Let the volume of a parallelepiped whose coterminous edges are given by $$\vec{u} = \hat{i} + \hat{j} + \lambda\hat{k}$$, $$\vec{v} = \hat{i} + \hat{j} + 3\hat{k}$$ and $$\vec{w} = 2\hat{i} + \hat{j} + \hat{k}$$ be 1 cu. unit.

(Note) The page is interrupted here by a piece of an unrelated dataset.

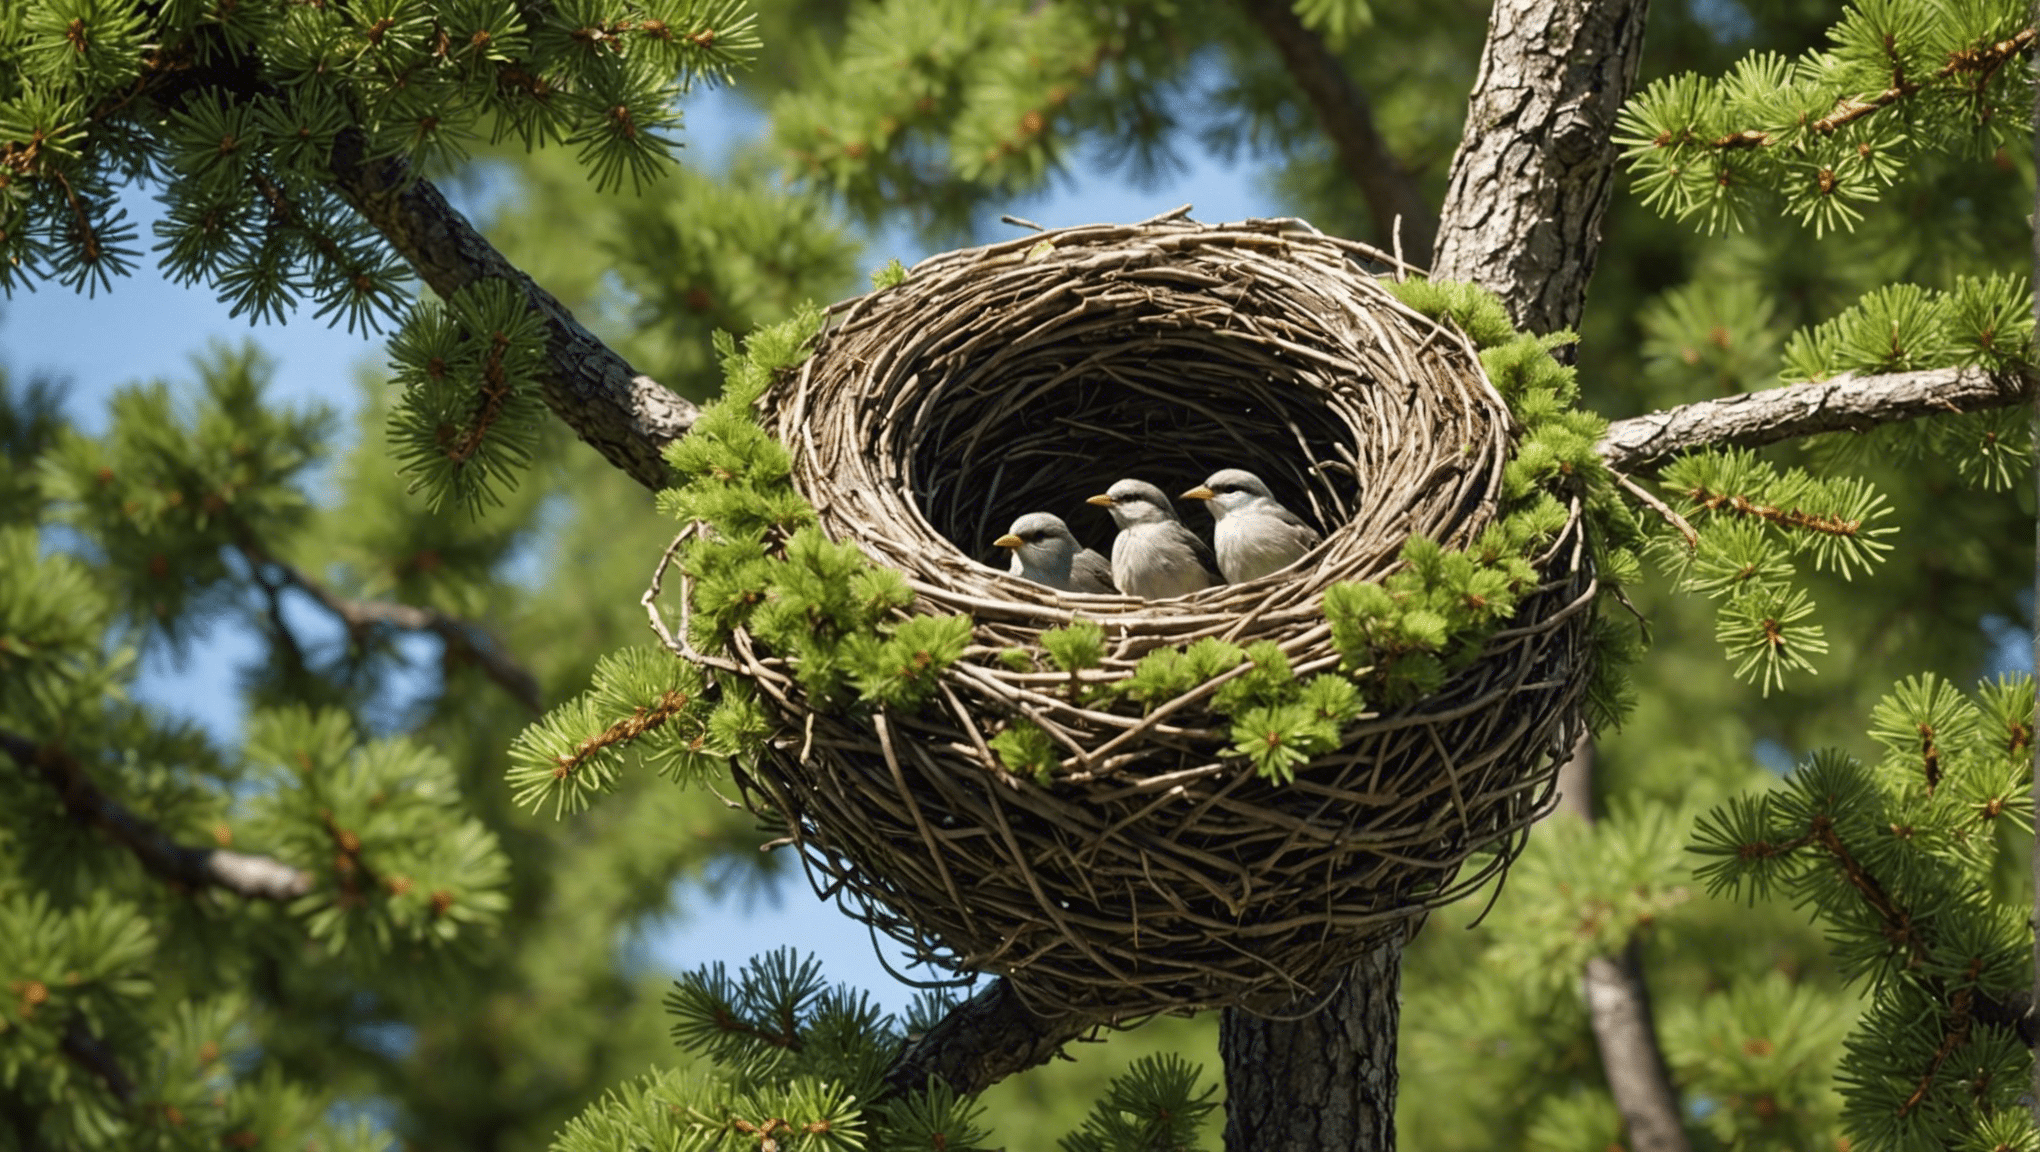 discover what makes the birds nest spruce so unique and appealing in this informative article. learn about its distinctive features and characteristics that set it apart from other trees.

If $$\theta$$ be the angle between the edges $$\vec{u}$$ and $$\vec{w}$$, then the value of $$\cos\theta$$ can be

We recall that the volume of a parallelepiped whose coterminous edges are the vectors $$\vec u,\;\vec v,\;\vec w$$ is given by the absolute value of the scalar triple product:

$$V=\left|\vec u\cdot(\vec v\times\vec w)\right|.$$

The problem states that this volume equals $$1$$. First we compute the cross-product $$\vec v\times\vec w$$, writing it as the determinant of a $$3\times3$$ matrix:

$$\vec v\times\vec w=\begin{vmatrix} \hat{i} & \hat{j} & \hat{k}\\[2pt] 1 & 1 & 3\\[2pt] 2 & 1 & 1 \end{vmatrix}.$$

Expanding term by term, we have

$$ \vec v\times\vec w =\hat{i}(1\cdot1-3\cdot1)-\hat{j}(1\cdot1-3\cdot2)+\hat{k}(1\cdot1-1\cdot2). $$

Simplifying each bracket:

$$ 1\cdot1-3\cdot1 = -2,\qquad 1\cdot1-3\cdot2 = -5,\qquad 1\cdot1-1\cdot2 = -1. $$

So

$$ \vec v\times\vec w=-2\hat{i}+5\hat{j}-1\hat{k}. $$

Now we take the dot product with $$\vec u=\hat{i}+\hat{j}+\lambda\hat{k}$$:

$$ \vec u\cdot(\vec v\times\vec w) =(1)(-2)+(1)(5)+\lambda(-1) =-2+5-\lambda =3-\lambda. $$

Because the given volume is $$1$$, we impose

$$ |3-\lambda|=1. $$

This single equation yields two possible values of $$\lambda$$:

$$ 3-\lambda=1 \quad\Longrightarrow\quad \lambda=2, $$

or

$$ 3-\lambda=-1 \quad\Longrightarrow\quad \lambda=4. $$

Next we must find the cosine of the angle $$\theta$$ between the edges $$\vec u$$ and $$\vec w$$. Using the definition of the dot product, we state the formula:

$$ \cos\theta=\dfrac{\vec u\cdot\vec w}{\|\vec u\|\,\|\vec w\|}. $$

The vector $$\vec w$$ is fixed:

$$ \vec w = 2\hat{i}+\hat{j}+\hat{k}. $$

First we compute its magnitude:

$$ \|\vec w\| =\sqrt{2^{2}+1^{2}+1^{2}} =\sqrt{4+1+1} =\sqrt6. $$

Now we treat the two admissible values of $$\lambda$$ separately.

(i) For $$\lambda=2$$

We have $$\vec u=\hat{i}+\hat{j}+2\hat{k}$$. The dot product is

$$ \vec u\cdot\vec w =(1)(2)+(1)(1)+2(1) =2+1+2 =5. $$

The magnitude of $$\vec u$$ is

$$ \|\vec u\| =\sqrt{1^{2}+1^{2}+2^{2}} =\sqrt{1+1+4} =\sqrt6. $$

Therefore

$$ \cos\theta =\dfrac{5}{\sqrt6\,\sqrt6} =\dfrac{5}{6}. $$

This value is not present among the given options.

(ii) For $$\lambda=4$$

Now $$\vec u=\hat{i}+\hat{j}+4\hat{k}$$. The dot product is

$$ \vec u\cdot\vec w =(1)(2)+(1)(1)+4(1) =2+1+4 =7. $$

The magnitude of $$\vec u$$ becomes

$$ \|\vec u\| =\sqrt{1^{2}+1^{2}+4^{2}} =\sqrt{1+1+16} =\sqrt{18} =3\sqrt2. $$

So the cosine is

$$ \cos\theta =\frac{7}{(3\sqrt2)(\sqrt6)} =\frac{7}{3\sqrt{12}} =\frac{7}{3\cdot2\sqrt3} =\frac{7}{6\sqrt3}. $$

This value matches Option 2.

Hence, the correct answer is Option 2.